Y’all are missing the point of KonMari: it’s NOT about decluttering.
So a little while ago I went on a bit of KonMari binge (part of my overall house-organization kick). I haven’t managed to get a copy of the book, but I did watch a few talks from Marie Kondo, and also read/watched a bunch of articles, discussions, and how-tos from people who’d put KonMari into practice (these two Metafilter threads were particularly instructive).
Along the way, I noticed a fair few people — including some friends — who assume that KonMari is just another way of decluttering coupled with some Japanese woo-woo. “Spark joy”, what even? Just get rid of your stuff!
I think people are really off the mark with that.
KonMari is different from decluttering in that it’s less about getting rid of as many things as possible and more about only keeping things that serve you, give your life meaning, or that you actually want.
The translation of “spark joy” between Japanese and English is subtly different and also carries some cultural connotations that are hard to convey, so it sounds a little strange. (I don’t understand much Japanese, so I’m not well-versed to give a more accurate translation) But “spark joy” is the most important part of the KonMari process. The idea isn’t that you have to wait till the item makes you bounce with glee, because very few things really do. It’s to give yourself permission to release anything that doesn’t really serve you but you feel like you have to hold on to for whatever pointless reason.

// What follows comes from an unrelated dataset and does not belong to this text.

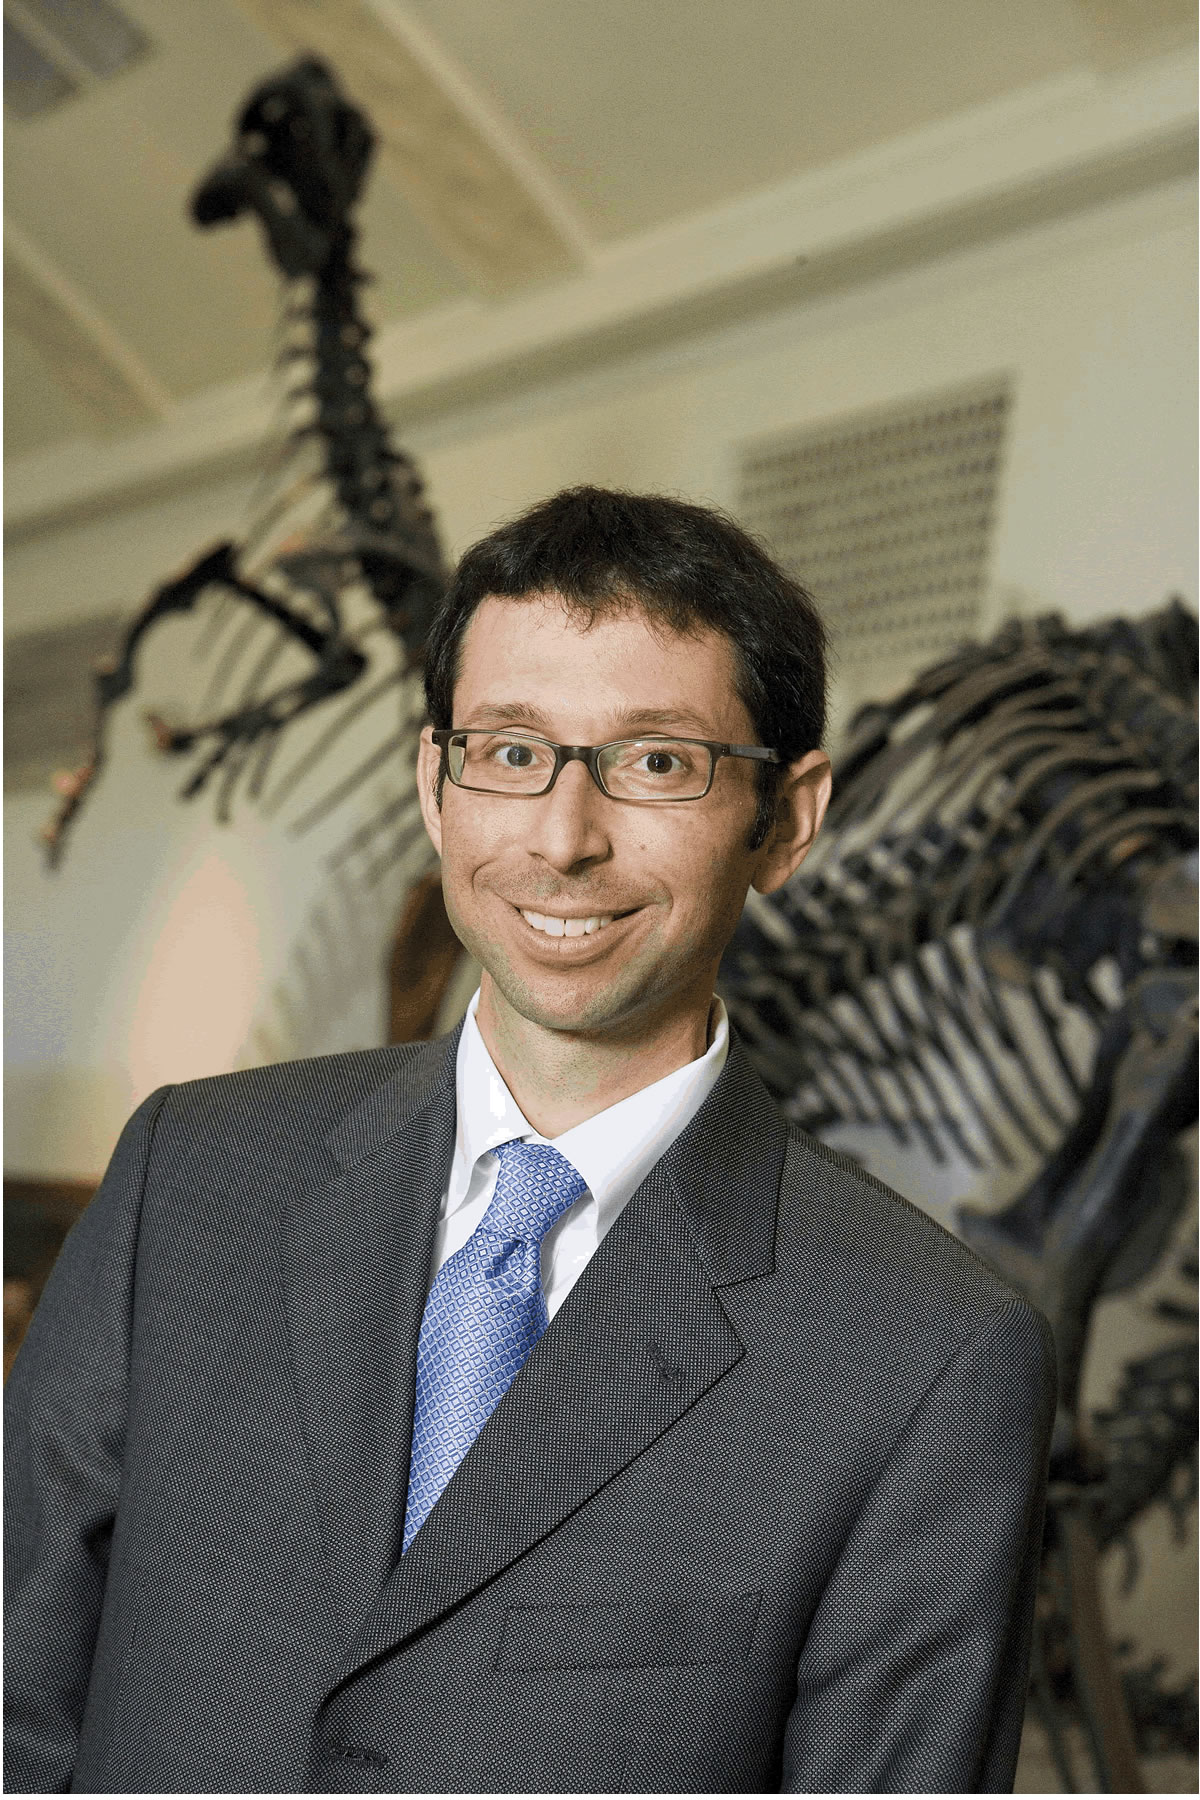 Chris Eisenberg, Capital Campaign Manager for the Utah Museum of Natural History.

Does its presence or purpose give you or lead to joy? Maybe you enjoy knitting, so you have quite a bit of yarn around (even so, which yarn do you prefer more than others?). Maybe you keep an altar and everything on your altar has a specific meaning. It’s up to you to decide what sort of “joy” becomes your threshold — it’s such a personal thing, only you can figure out what it means for you (which is also why KonMari advocates you organizing your own stuff: it’s not on you telling other people what gives them joy, and other people can’t tell you what’s meaningful to you).

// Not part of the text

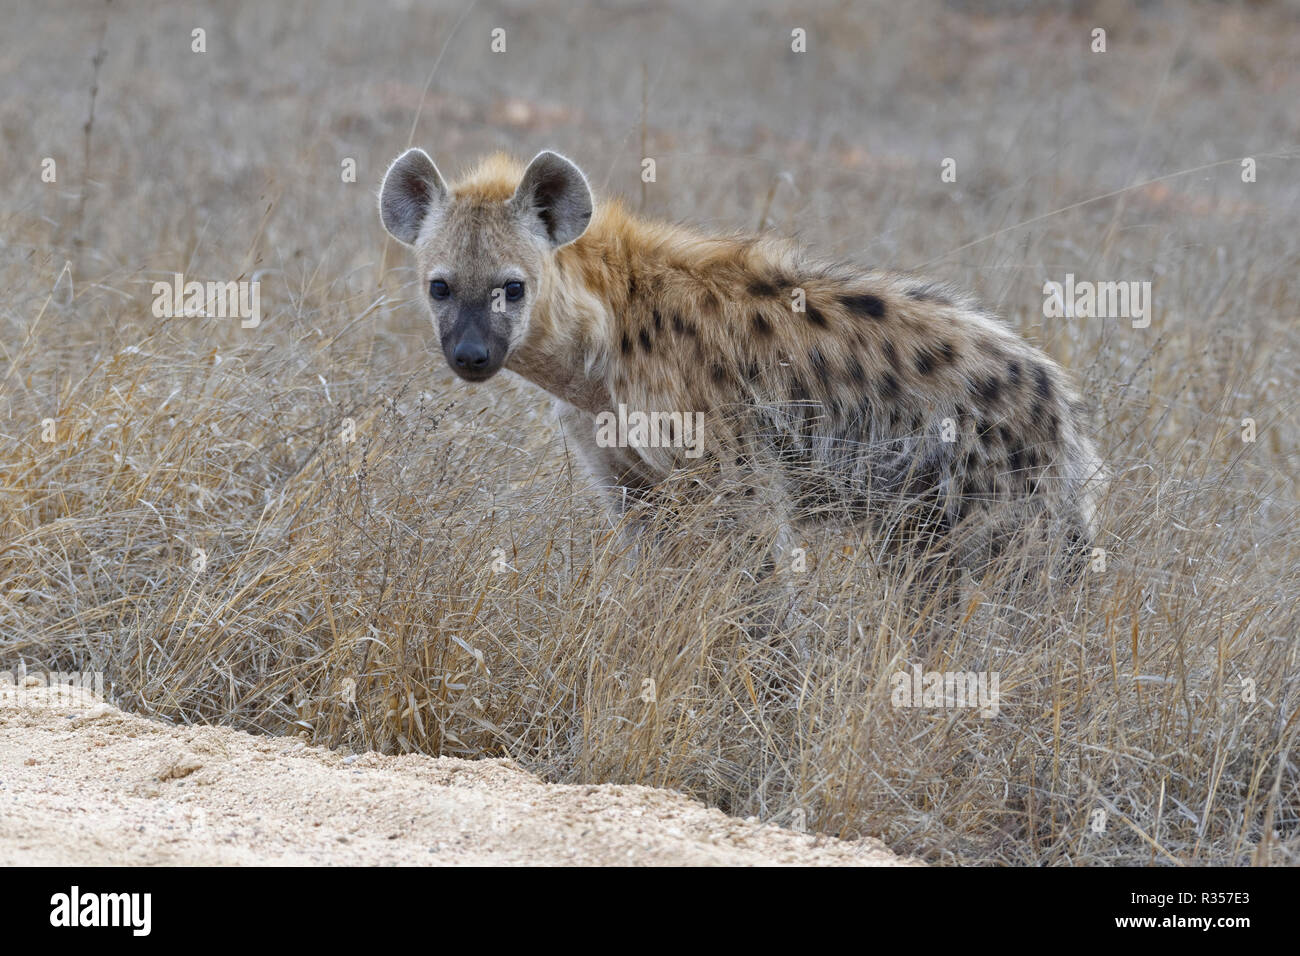 Spotted hyena or Laughing hyena (Crocuta crocuta), cub, standing on the edge of a dirt road, Kruger National Park, South Africa, Africa Stock Photo

Is it a memory that can be honoured elsewhere without needing physical possession of the product? For example, a T-shirt from a place you went to where you had a super cool time. You don’t need to keep the entire T-shirt — you could take a photo, cut out the logo and use it somewhere else. Maybe the memory doesn’t need a physical memento. Maybe you’re holding on to it solely for some kind of hypothetical future that may or may not happen— but it’s a drag otherwise. Let it go! It’s not giving you joy now.
Do you only have it because you feel obliged to do so but would get rid of it if you didn’t have the obligation? Maybe you’re holding on to old textbooks that you haven’t read in years but feel like you might need it at some point. Craft items that you aren’t likely to use anytime soon, but what if. Gifts from family members that you’re only keeping because you don’t want to offend them, but is just taking up space otherwise. Set them free — and in doing so you also set yourself free.
Is it a tool or a means to something that gives you joy, even if it’s not giving you joy directly? A very common criticism with KonMari is “well my keys don’t give me joy but I need them to get into the house” or “I hate taking my medicine but I can’t just toss them”. Sure, the item in and of itself aren’t particularly joy-inducing, but they allow you to experience joy overall. The keys give you access to a (hopefully) safe space for you to live in. The medicine keeps you healthy and able to do things that give you joy.
And about those specific rules for organizing the things you said Yes to? They seem arcane, but there is a logic to them: you can see what you said Yes to and can access them easily.
Keeping things in order, particularly in the kind of vertical-spine-sorting style KonMari uses a lot, means that you can immediately see what you have. How many times have we bought a shirt or a book and then lost track of it because it was under a pile of other shirts and books — so we never get to wear them or read them? You’ve already said Yes to them — so make use of them!
You also now have made more space for more opportunities to say Yes. There’s a common witchy-woo/feng shui-related idea about how once you clear out things you don’t need, you now have made space for good things and good experiences to come into your life. Even if you didn’t end up getting rid of that many things — not everyone’s into minimalism — getting them all organized allows you to see what you have more space for and can add into your life.
Sometimes it can even help you be more productive! If you’re the sort of artist or crafter that holds on to materials for too long because you think you might need them maybe-someday-who knows, and then get overwhelmed because you have too much and you’re not sure how you’re even going to make use of them, the KonMari approach could help you clear your creative block. Keeping only the materials that are inspiring to you averts that overwhelm, and you now feel more motivated to make something because you know you can put your materials to good use.
Ultimately it doesn’t matter if you end up with just about the same amount of things you had before you started KonMari-ng your life. The point is that you only surround yourself with things that you definitely want — and now you have systems to get to them and use them.
Think of it as active consent — you’re only keeping things that you say Yes to, whether it’s inherent in the item itself or gives you access to experiences that you say Yes to. Everything else? They can go — free to other people who will say Yes to it even if you said No.